Сказать, что термин «словолюб» сродни некоей хронической болезни, – значит ничего не сказать. Сколько бы ни была болезнь тяжелой и продолжительной, ее все-таки врачи пытаются лечить, да и сама она порой надолго отступает, чтобы затем внезапно напомнить о себе в качестве обострения.
«Словолюб» – это болезнь, возникающая один раз и навсегда. «Словолюб» – это постоянный поиск книжных новинок и раритетов, где хотя бы мельком что-то сказано о «Слове». «Словолюб» – это хронический конфликт с домочадцами в поисках дополнительных уголков в квартире, где можно было бы повесить очередную полку со старыми и новыми изданиями «Слова», альбомов с ксерокопиями статей и вырезок из периодической печати с материалами о «Слове». В преддверии 800-летия события, послужившего основой создания «Слова», и в течение нескольких лет после юбилея на «словолюбов» обрушилась буквально лавина книг, статей, научных изысканий, всевозможных интервью со специалистами по «Слову», «словистами», что ограничиваться однойдвумя полками уже было невозможно. Приходилось изыскивать места для установки книжных шкафов, которые стремительно заполнялись все новыми и новыми изданиями.
Но «словолюб» не унимается и никогда не уймется, он будет продолжать искать чего-то такого, что есть у знакомого «словолюба», а у него нет. Прекрасные слова об этой «болезни» сказал Владимир Чивилихин, и трудно удержаться, чтобы не привести их в качестве одного из симптомов «заболевания»: «Покупаю новинки и антиквариат, какой встречу, вымениваю дубли, с благодарностью принимаю подарки от авторов, выпрашиваю иногда чуть ли не на коленях и не дошел еще разве только до воровства и сквалыжного зажиливания»[2].

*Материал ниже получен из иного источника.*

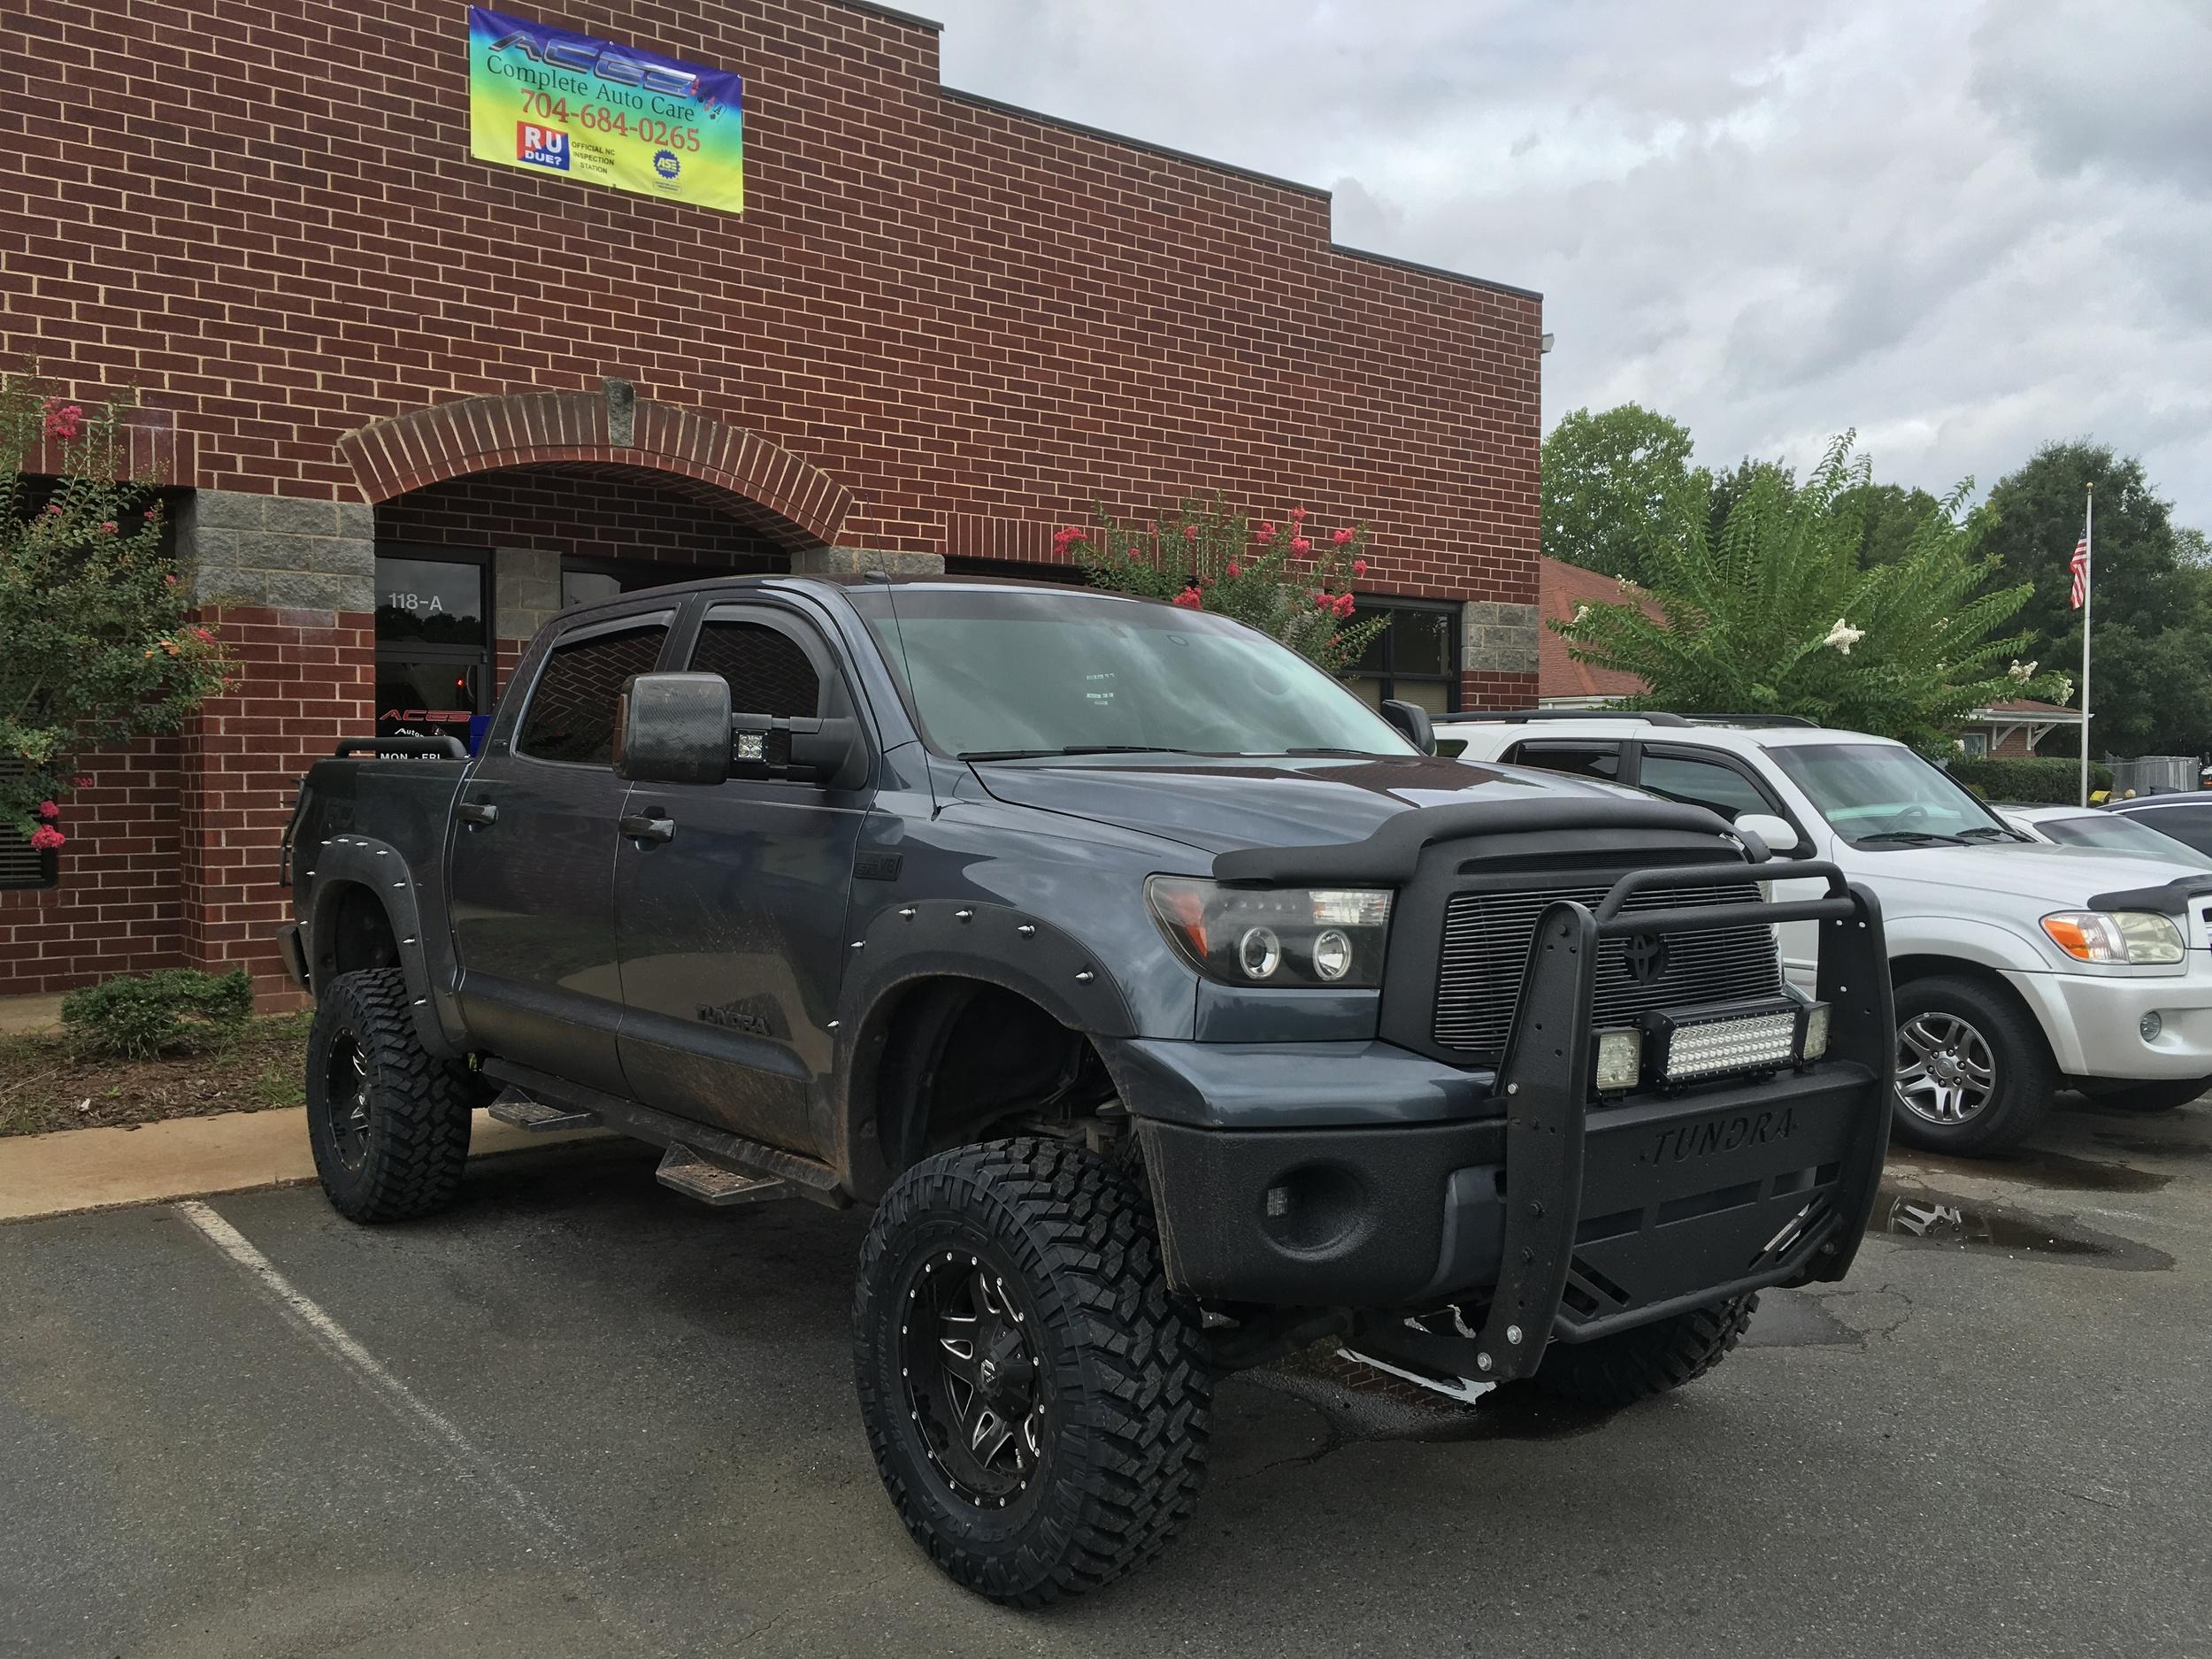 Toyota truck repair in Indian Trail, NC

В. Чивилихин гордился тем, что в его коллекции есть дореволюционное издание «Слова» из серии «Всеобщая библиотека», с восхищением описывая содержание этой малоформатной книжицы в 82 страницы, «…вместившие предисловие, статью об истории открытия и первой публикации поэмы, подлинный ее текст, прозаический перевод, поэтическое переложение В. А. Жуковского, отрывки из переводов Л. А. Мея, А. Н. Майкова, И. И. Козлова, Н. В. Гербеля, обзор критической литературы о «Слове», научное описание похода князя Игоря историка С. М. Соловьева и краткое изложение содержания поэмы, принадлежащее перу Н. М. Карамзина. Удивительно емкое, предельно простое, дешевое и… драгоценнейшее издание! Дело в том, что оно было общедоступным, шло в народ, потому что стоило всего 10 копеек. Для сравнения относительного определения реальной стоимости гривенника в книжной торговле тех лет снимаю с полки компактный и плотный справочный томик 1906 года издания – «Флора Европейской России», 4 рубля 50 копеек. В сорок пять раз дороже!»[3].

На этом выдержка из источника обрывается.